Originally published August 15 2015
Pill-pushing doctors endanger babies by prescribing opioid painkillers to pregnant women
by Amy Goodrich
(NaturalNews) A team from Vanderbilt University Medical Center has found that pregnant women who have been on opioid painkillers during pregnancy stand a higher chance of having small babies with birth complications or neonatal abstinence syndrome (NAS) -- better known as postnatal withdrawal syndrome.
NAS is often seen in babies born to moms who used opioid drugs such as heroin, codeine, oxycodone (Oxycontin), methadone or buprenorphine during pregnancy. These substances pass through the placenta, making the unborn baby a drug addict even before it has seen its first rays of sunshine.
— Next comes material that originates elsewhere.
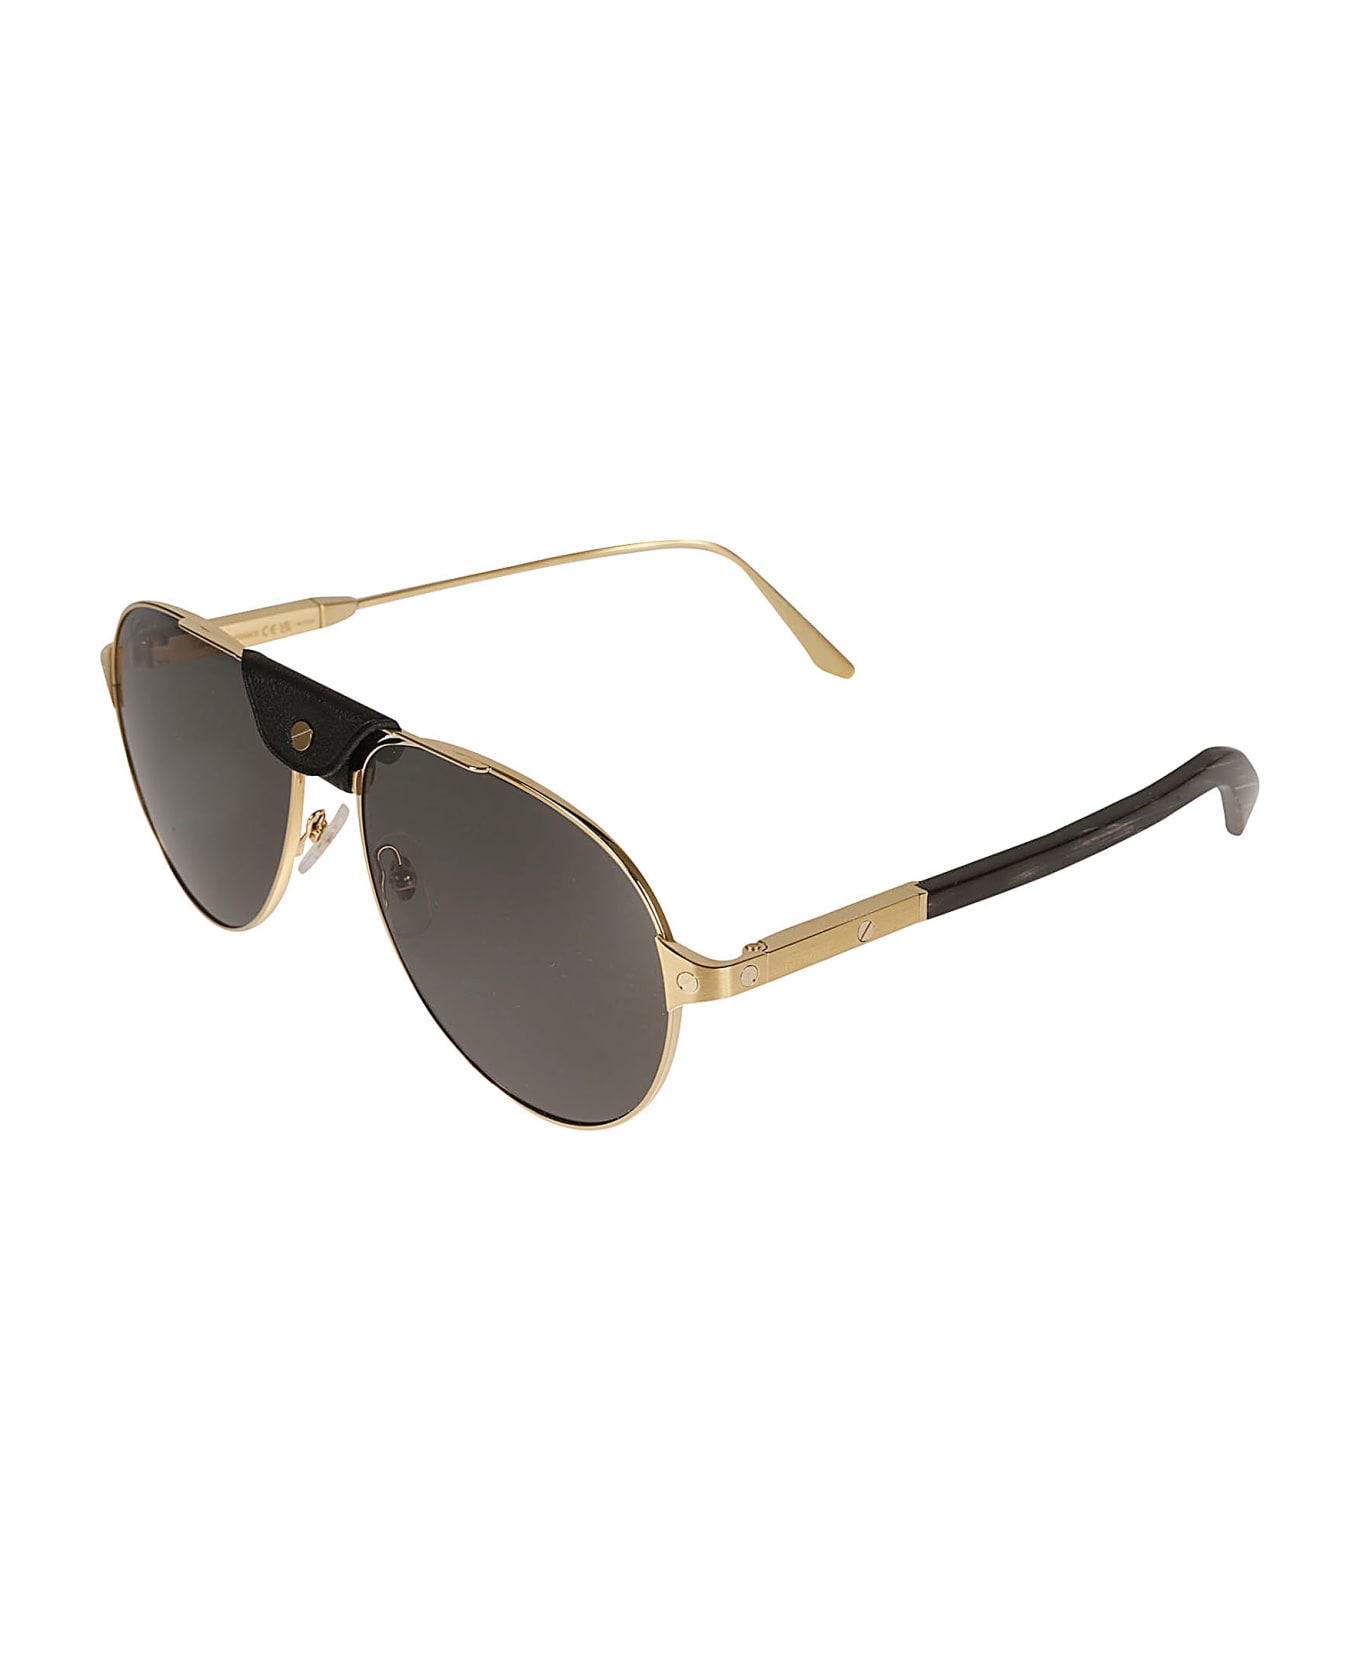 Cartier Eyewear Aviator Classic Sunglasses - Gold

At birth, these drug-dependent babies show withdrawal symptoms such as vomiting, excessive crying, fever, poor feeding, low weight, sweating and hyperactive reflexes. Nothing a mother wishes for her newborn.
A briefing document from last year for pharmacists and healthcare professionals prepared by the British National Institute for Health and Care Excellence reads, "Opioid analgesics can be used at any stage of pregnancy for the short-term treatment of moderate to severe pain when other analgesics are not effective or not clinically indicated."
However, Dr. Stephen W. Patrick and his team from Vanderbilt University Medical Center shine a new light on the dangers associated with short- and long-term use of opioids.
Opioid painkillers, such as Vicodin, are very similar to heroin or other opioid drugs like codeine, morphine and methadone. According to lead researcher Dr. Patrick, this study is the first to make the link between NAS and legally prescribed drugs. He says that previous research only focused on heroin or illegal narcotic abuse during pregnancy.
Dr. Patrick notes that our doctors need to be more informed about the health dangers of overprescribing drugs during pregnancy. He found that in some cases women who filled a prescription for an opioid pain reliever actually didn't need them for any clear reason.
"In that context, we thought to do one of the first studies of opioid prescribing in pregnancy and its association with infant outcomes," he said in interview with MedPage Today.
Click here to access the study: Pediatrics.AAPPublications.org.
The study looked at 112,029 pregnant mothers enrolled in the Medicaid program. Among them, 28 percent were prescribed at least one opioid painkiller during pregnancy by their doctors.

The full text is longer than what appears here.